(Newser)
“Millie Hughes-Fulford, an astronaut and scientist who became the first payload to fly into space for NASA, died last week after years of fighting cancer,” her family said. He was 75 years old. Hughes-Fulford was selected by NASA for its astronaut program in 1983 and in June 1991 spent nine days in orbit on the Columbia shuttle, conducting experiments on the effect of space travel on humans as part of the agency’s first mission, STS- 40. She and her crew have circled the Earth 146 times, the AP reports. The research shaped the rest of her career and, upon her return, established the Hughes-Fulford Laboratory at the San Francisco VA Healthcare System, which worked to understand the mechanisms that regulate cell growth in mammals. “She returned to her world as a scientist and carried this experience of flying in space and became a unique filter through which she went through all her scientific work,” said Dr. Mike Barratt, a NASA flight surgeon assigned to Columbia.

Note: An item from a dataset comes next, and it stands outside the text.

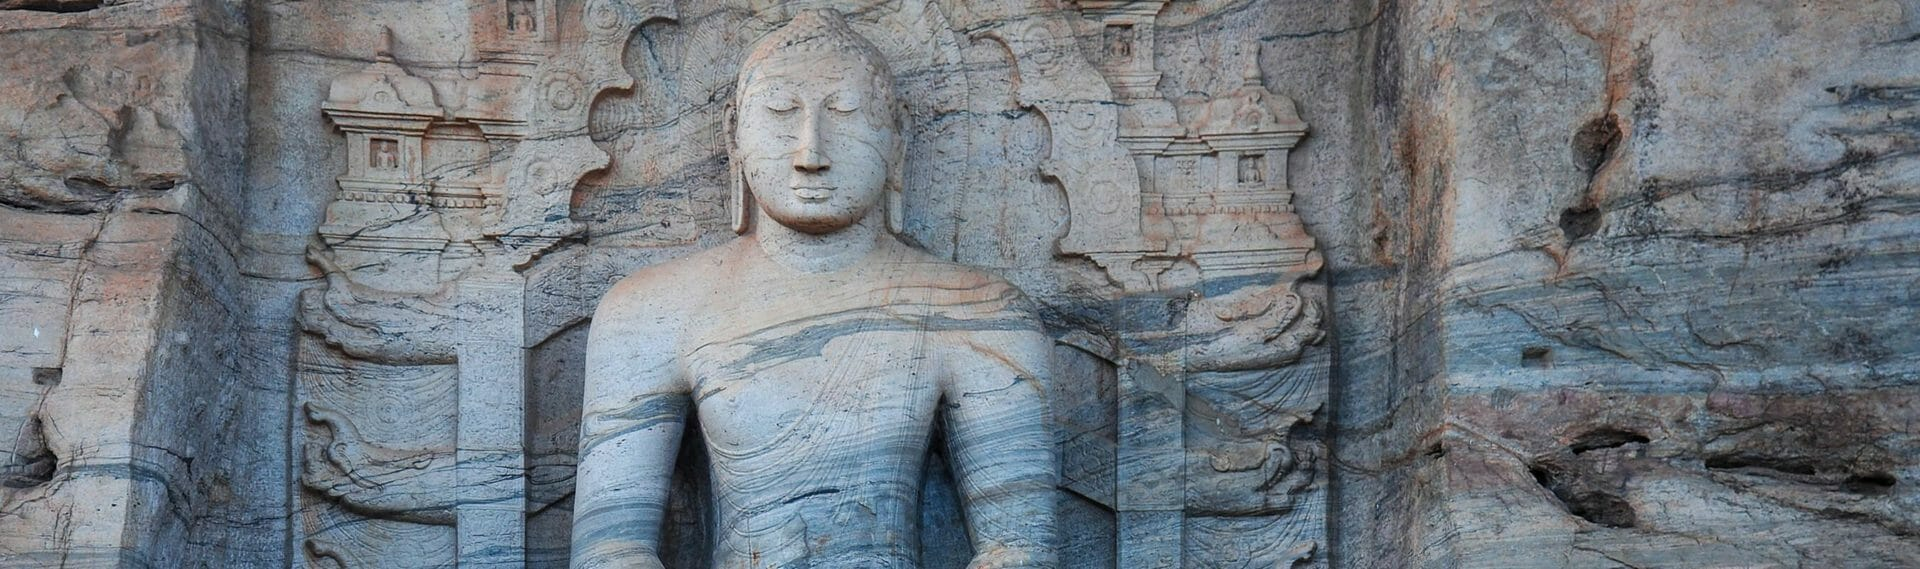 Polonaruwa_bouddha
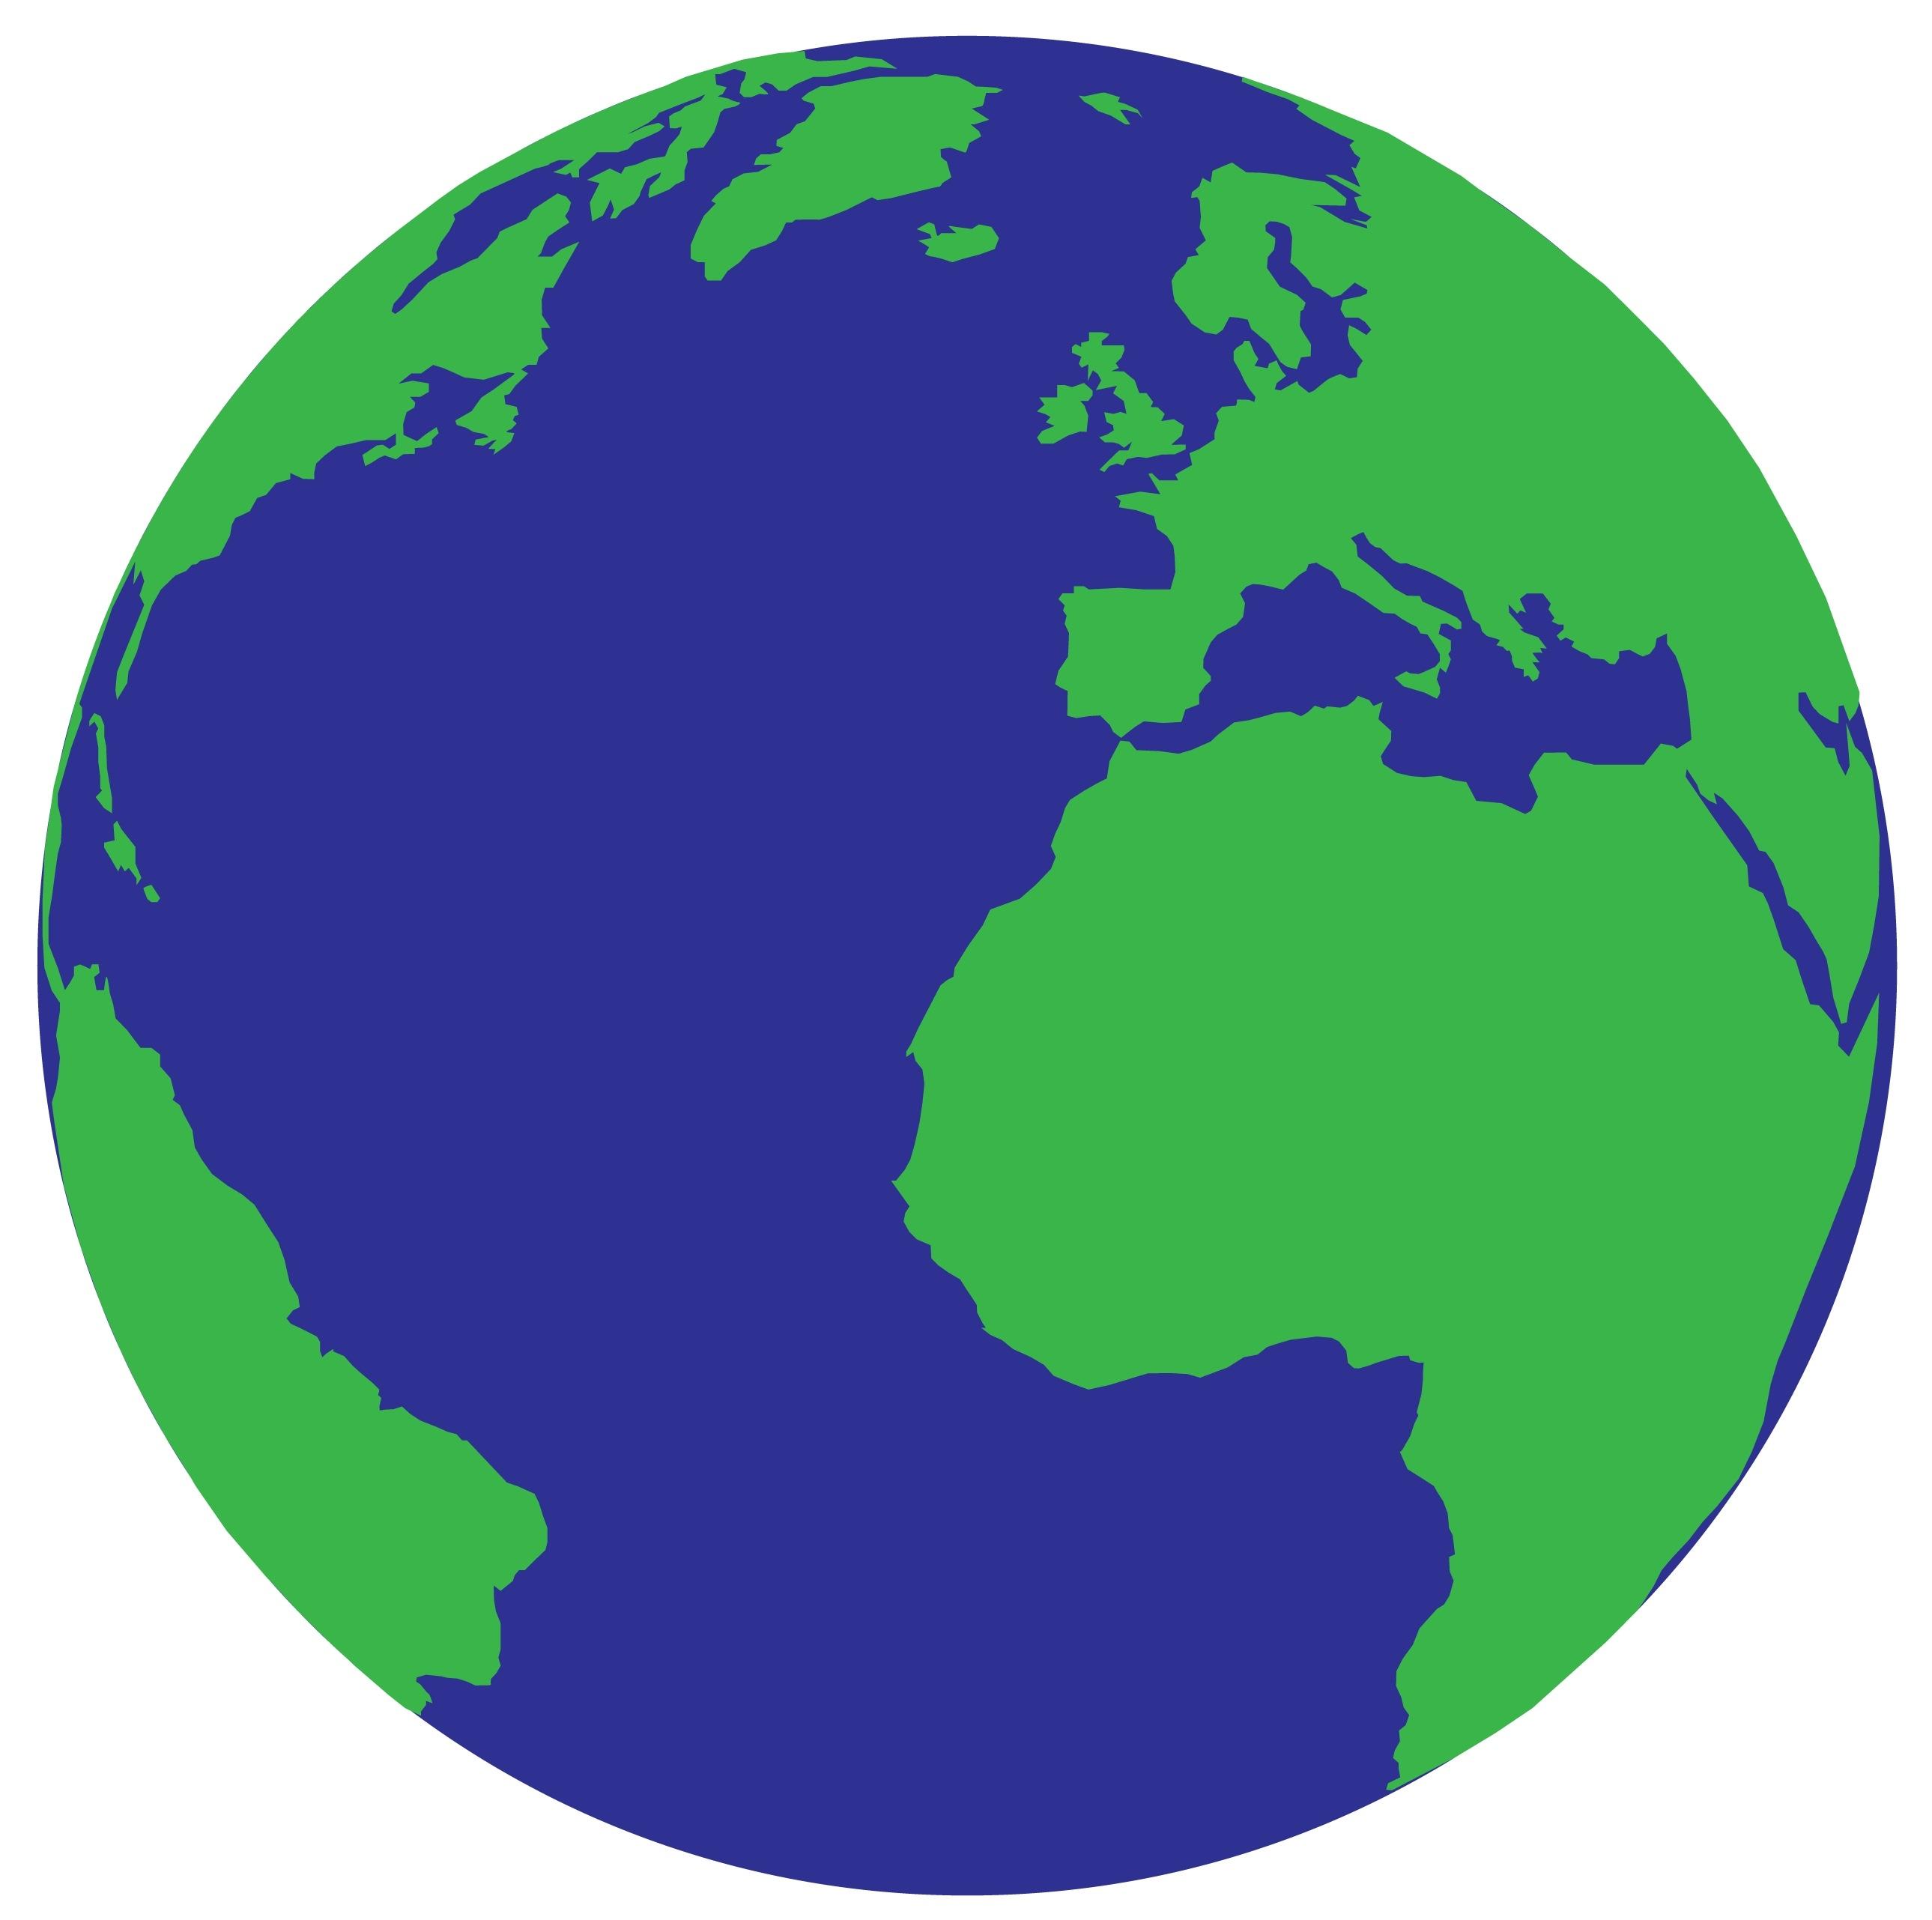 2579x2563 Simple Earth Vector

“She told me that when she takes off in the shuttle she is not afraid at all,” said her niece. “He was logically thinking about the next pregnancy and that’s how he dealt with everything, including cancer.” Millie Elizabeth Hughes was born in 1945 in Mineral Wells, Texas. At age 16, she entered Tarleton State University, where she majored in chemistry and biology and was often the only woman in the class. The men did not appreciate her when she passed the exams, her niece said. After earning a doctorate in biochemistry, he applied for 100 academic jobs across the country and received four answers. He accepted a job as a lab. In 1978, Hughes-Fulford responded to a magazine ad seeking applicants to be the first woman in space. She reached the last 20, out of 8,000 candidates, before Sally Ride was elected, then went into space on Columbia as a researcher. “Millie has been a source of inspiration on so many levels, from the surface of the earth to the orbit of the earth,” said a colleague. “He infused every conversation with compassion, optimism, energy, humor and an unwavering confidence that a solution could be found.”